Competition: Winter 2017-18, Vol. 27, No. 1

THE EFFICIENCIES DEFENESTRATION: ARE REGULATORS THROWING VALID HEALTHCARE EFFICIENCIES OUT THE WINDOW?

By Jacob Snow, Ronnie Solomon, Kyle Quackenbush1

I. INTRODUCTION

Assessing efficiencies is an important part of any regulatory merger review. Efficiencies that are merger-specific and verifiable can, under the Merger Guidelines, save an otherwise anticompetitive merger. The presentation by merging parties of pro-competitive efficiencies is often referred to as an efficiencies "defense."
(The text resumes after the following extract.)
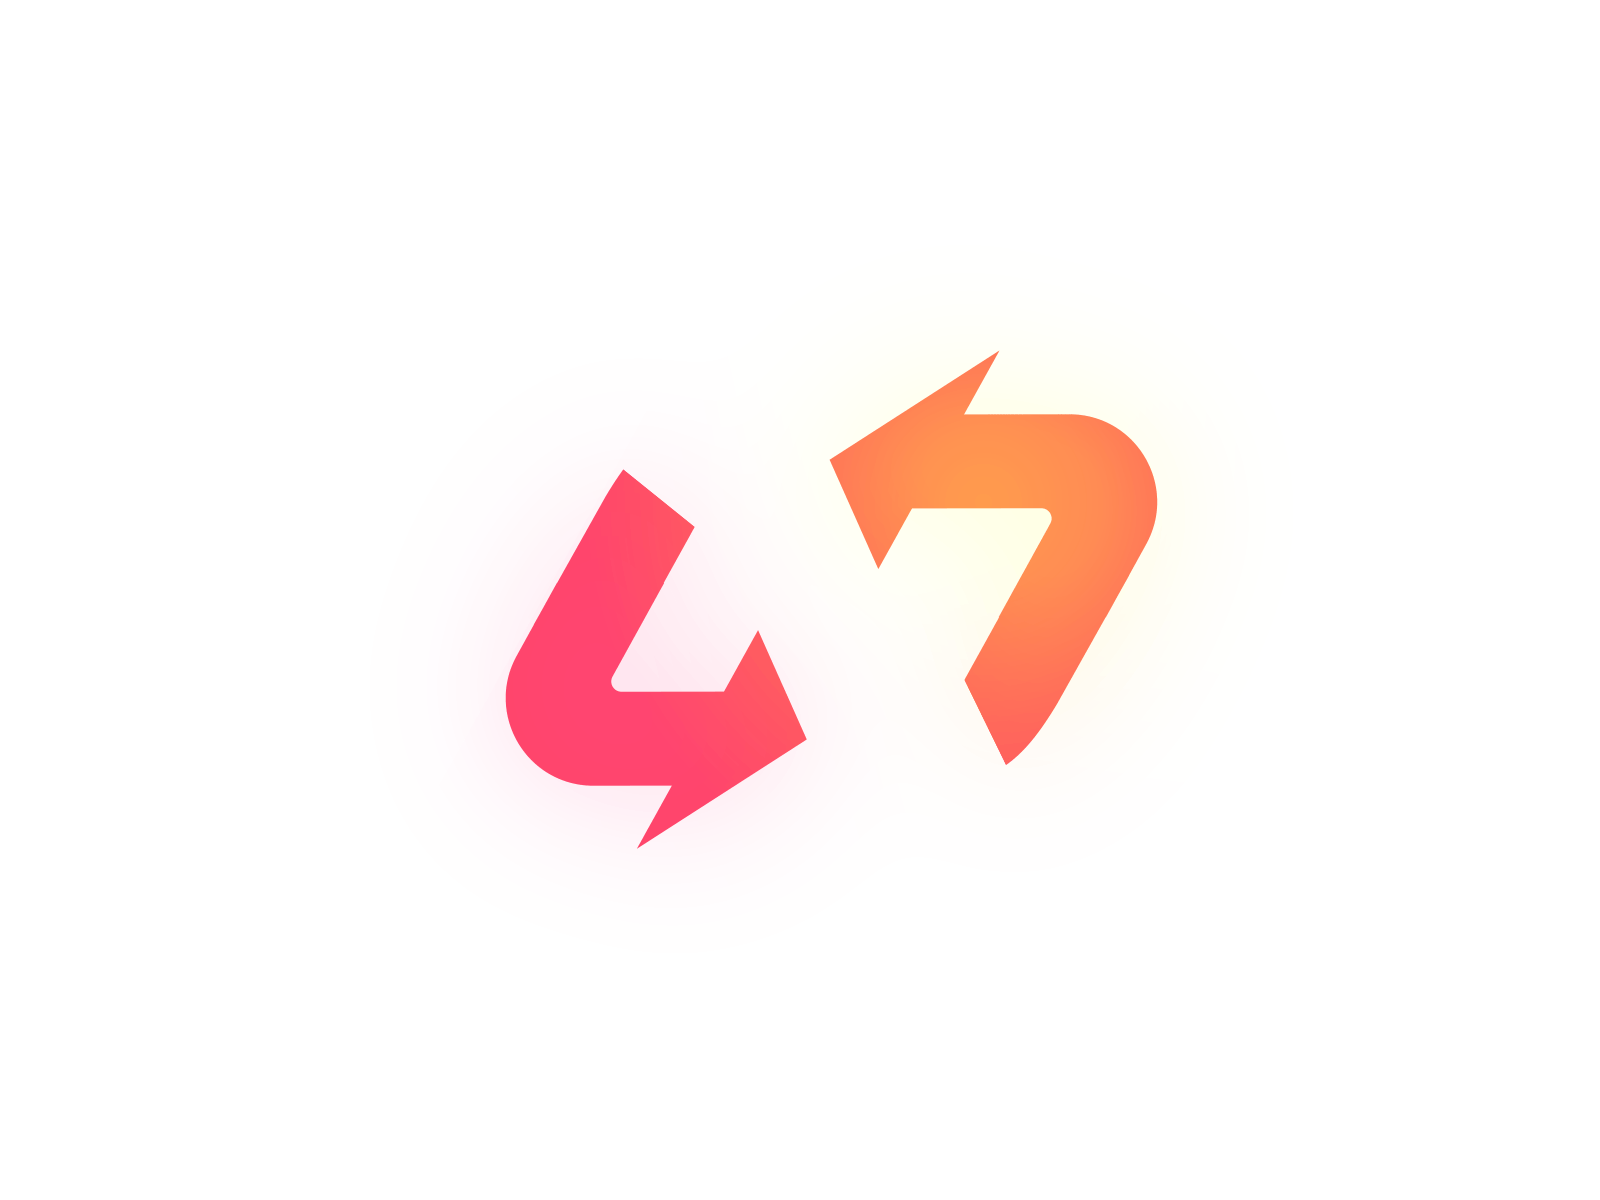 Zivmi - Logo Animation icon motion graphics motion design motion logo animation logo gif branding reveal logo reveal intro animated logo brand animation animation alexgoo after effects ae 2d animation 2d arrows

Healthcare in the United States is changing. Recent years have brought a significant increase in healthcare mergers, and provisions in the Patient Protection and Affordable Care Act ("Affordable Care Act") encourage integration and coordination of healthcare services. In light of these changes, some argue that regulators put too little weight on efficiencies in the healthcare context, and that the high bar set by the Merger Guidelines— requiring that efficiencies be verifiable and merger specific—is an unnecessary hindrance to healthcare mergers that will benefit the public. Does it make sense to continue to hold efficiencies to such a high bar, in the face of technological developments and pressure on healthcare entities to integrate?